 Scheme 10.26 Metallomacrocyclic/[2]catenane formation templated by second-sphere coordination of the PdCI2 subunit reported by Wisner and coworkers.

---

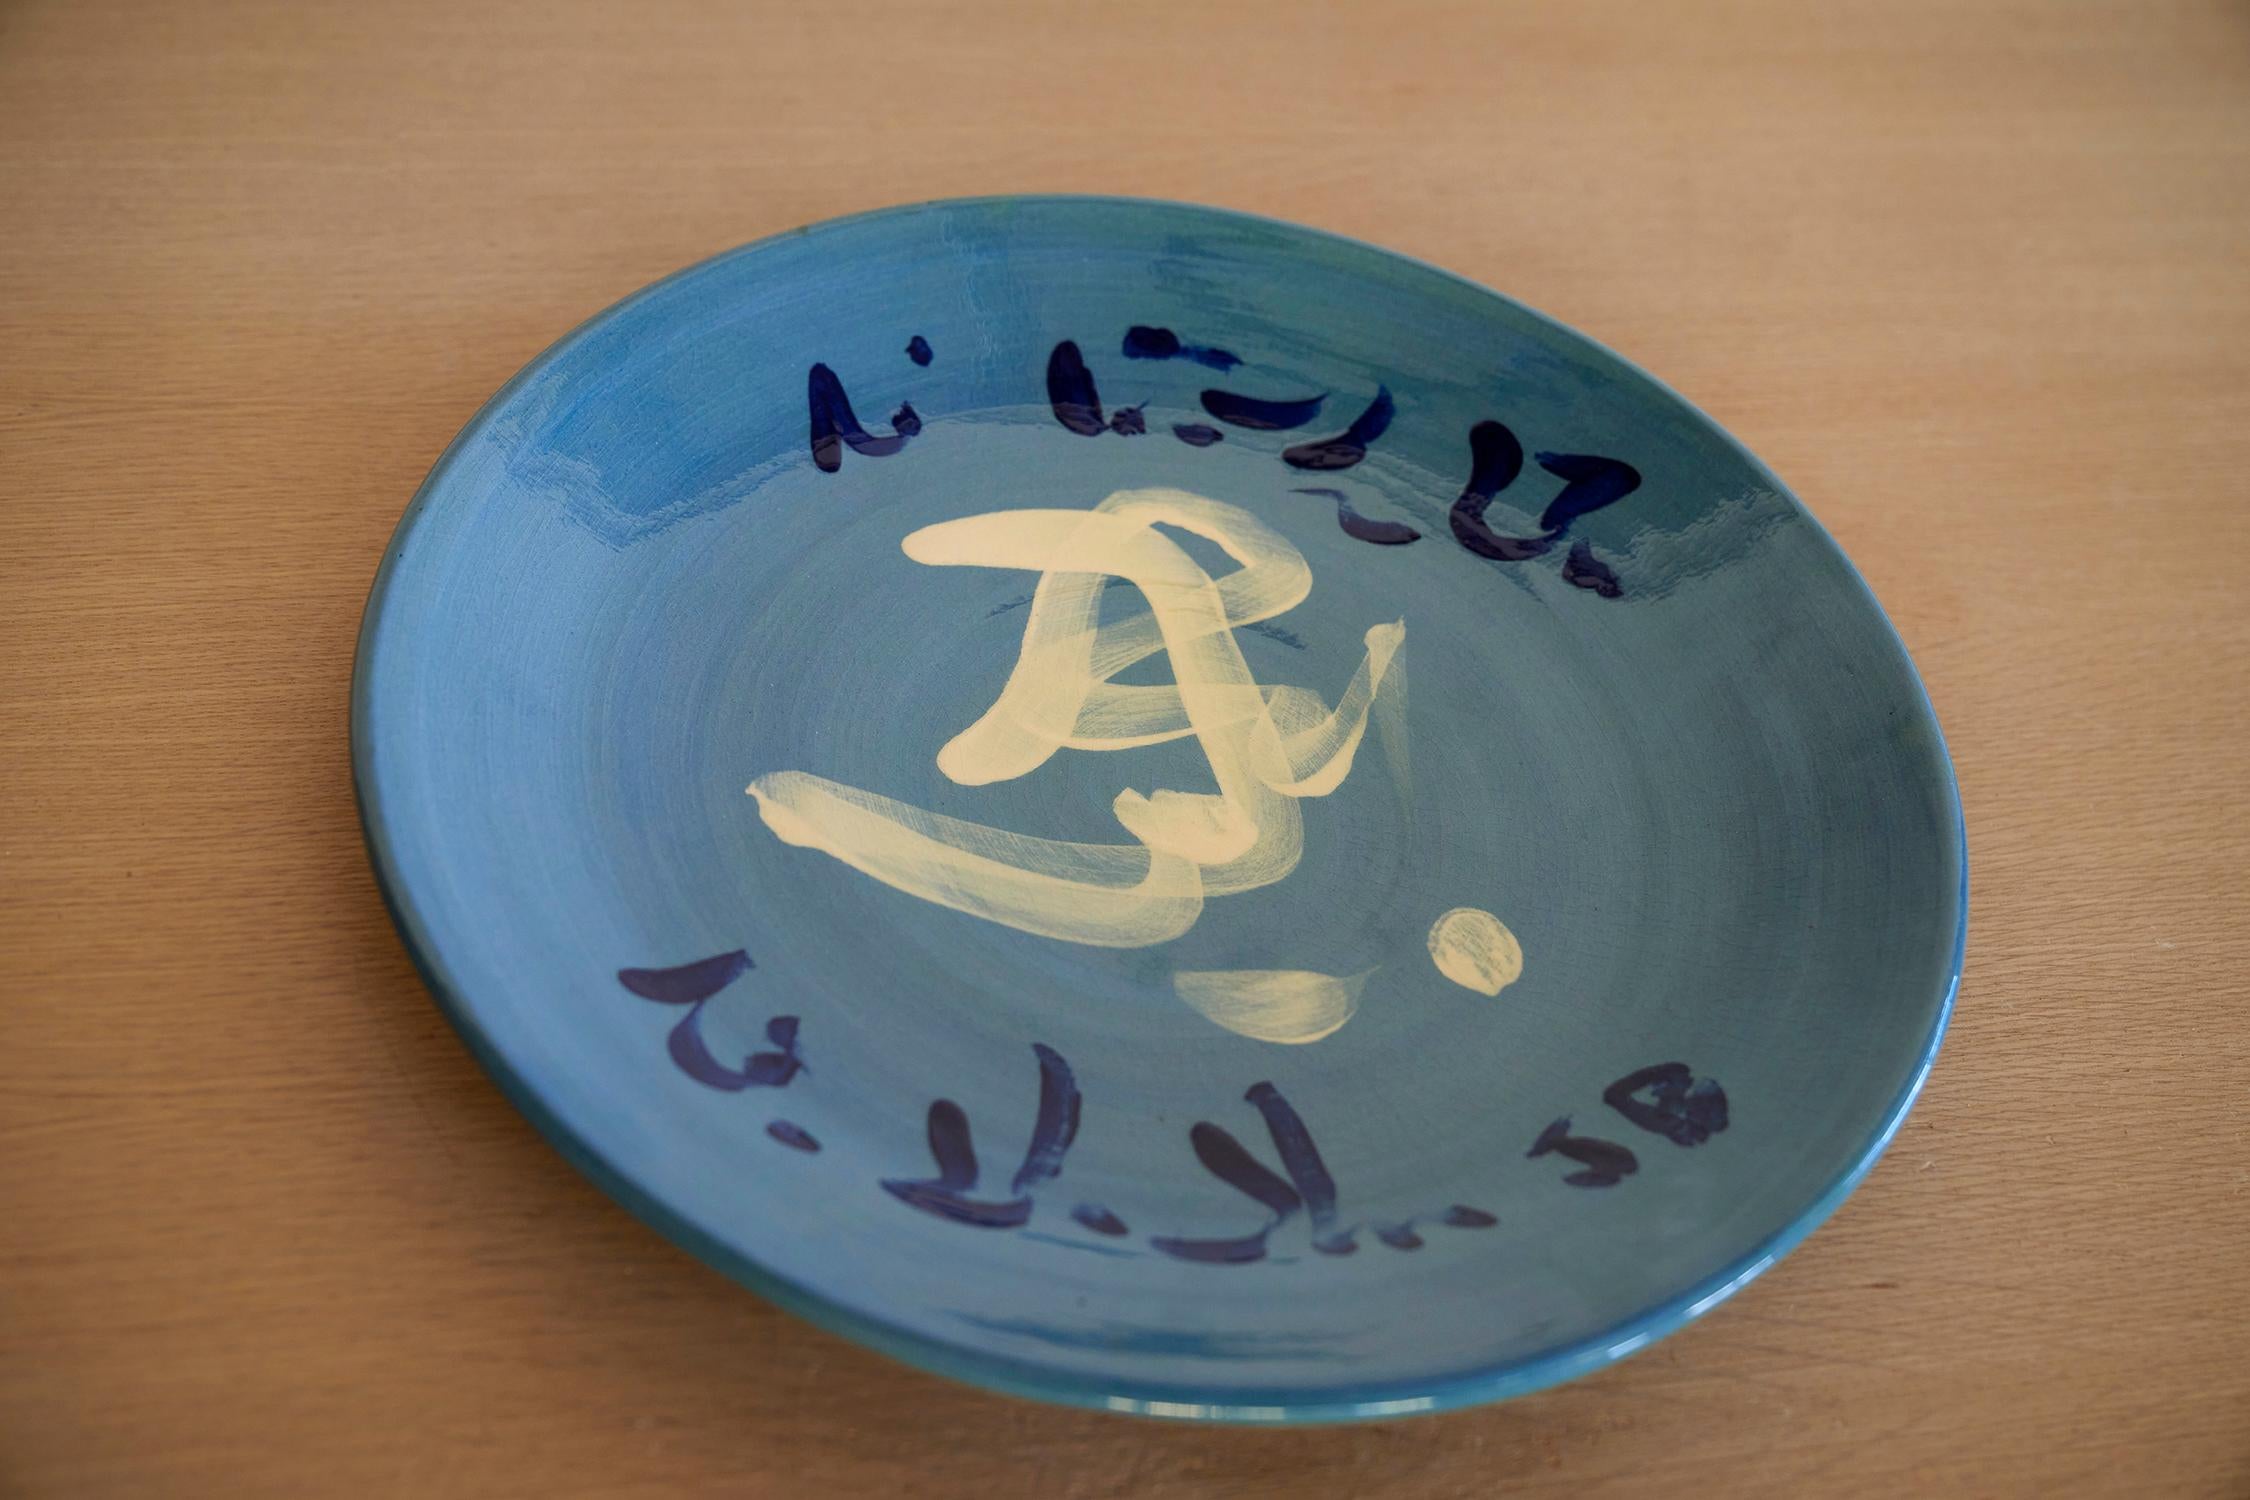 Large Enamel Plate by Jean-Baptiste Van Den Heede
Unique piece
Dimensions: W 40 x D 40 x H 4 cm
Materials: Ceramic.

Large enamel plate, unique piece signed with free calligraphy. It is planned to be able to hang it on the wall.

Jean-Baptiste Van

**What you have to do:** Report every line of the records that contains the word "piece".

**Written answer:**
Unique piece
Large enamel plate, unique piece signed with free calligraphy. It is planned to be able to hang it on the wall.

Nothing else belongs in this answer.